The situation represents a missed opportunity, say advocates for the poor, who have been urging the state to invest its welfare money in the kinds of innovative antipoverty programs envisioned by proponents of the welfare overhaul, including intensified casework, job placement and state-subsidized employment.

There is nothing illegal about supplanting state expenditures with federal welfare dollars, provided the states meet minimum spending levels outlined in the 1996 federal welfare law. In New York’s case, that totals about $1.7 billion a year, or 75 percent of its average welfare expenditure in 1994 and 1995. The state is spending that amount, and state officials insist that it is more than sufficient to meet the needs of the poor.

But the problem, as members of Congress have pointed out, is that states that use federal funds to free up their own welfare money run the risk of having federal lawmakers conclude that they do not need as much aid as they are now getting.

Advocates for the poor say their concern has also been heightened because the 1996 federal law that reshaped the nation’s welfare system limits recipients to no more than five years of benefits. That means that tens of thousands of recipients face the prospect of exhausting their eligibility for public-assistance benefits as early as next year.

The looming deadline comes as New York confronts a welfare population that is perhaps the most deeply mired in dependency the state has ever had. The state’s own figures show that nearly half its welfare recipients have been on the rolls for five years or more, raising serious questions about how the state intends to nudge them into self-sufficiency.

But there are other problems that may result from the way New York and other states have spent their federal welfare grants. The situation will almost certainly strengthen the hand of Republicans in Congress who want to cut the welfare block grant that states receive from Washington when that grant comes up for re-authorization in two years.

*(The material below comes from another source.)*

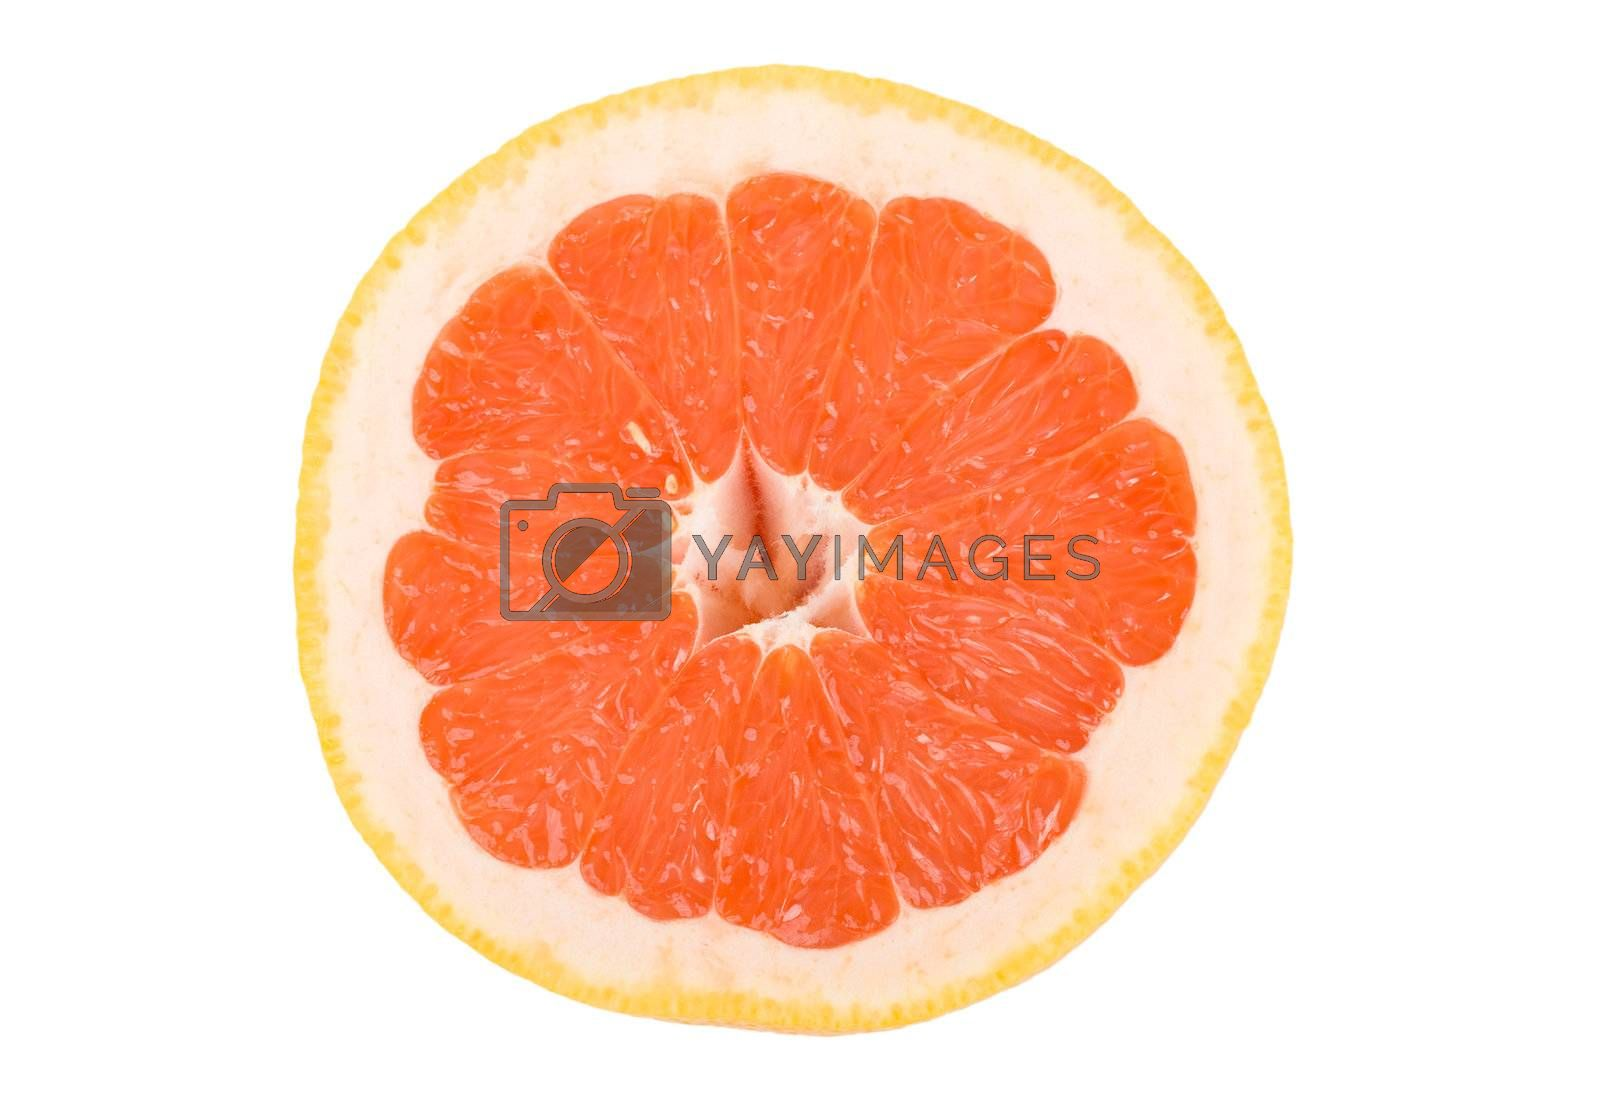 close-up grapefruit peace, isolated on white

In Congress, members of both parties have sharply questioned the way states spend their welfare money, focusing on whether it has been used for the intended purpose of helping poor families. In fact, the General Accounting Office, the investigative arm of Congress, is looking into whether states are using the welfare money from Washington to replace money the states now spend on antipoverty programs.

Roberto Ramirez, the chairman of the New York State Assembly Committee on Social Services, expressed alarm over how New York was spending its money.

“What the state is doing here is subsidizing other areas of government at the expense of welfare recipients,” said Mr. Ramirez, a Democrat from New York City, where the bulk of the state’s welfare population resides. “My concern is that we are sending a message to Washington that we don’t need all this money to deal with our welfare population. We are being penny-wise and pound-foolish.”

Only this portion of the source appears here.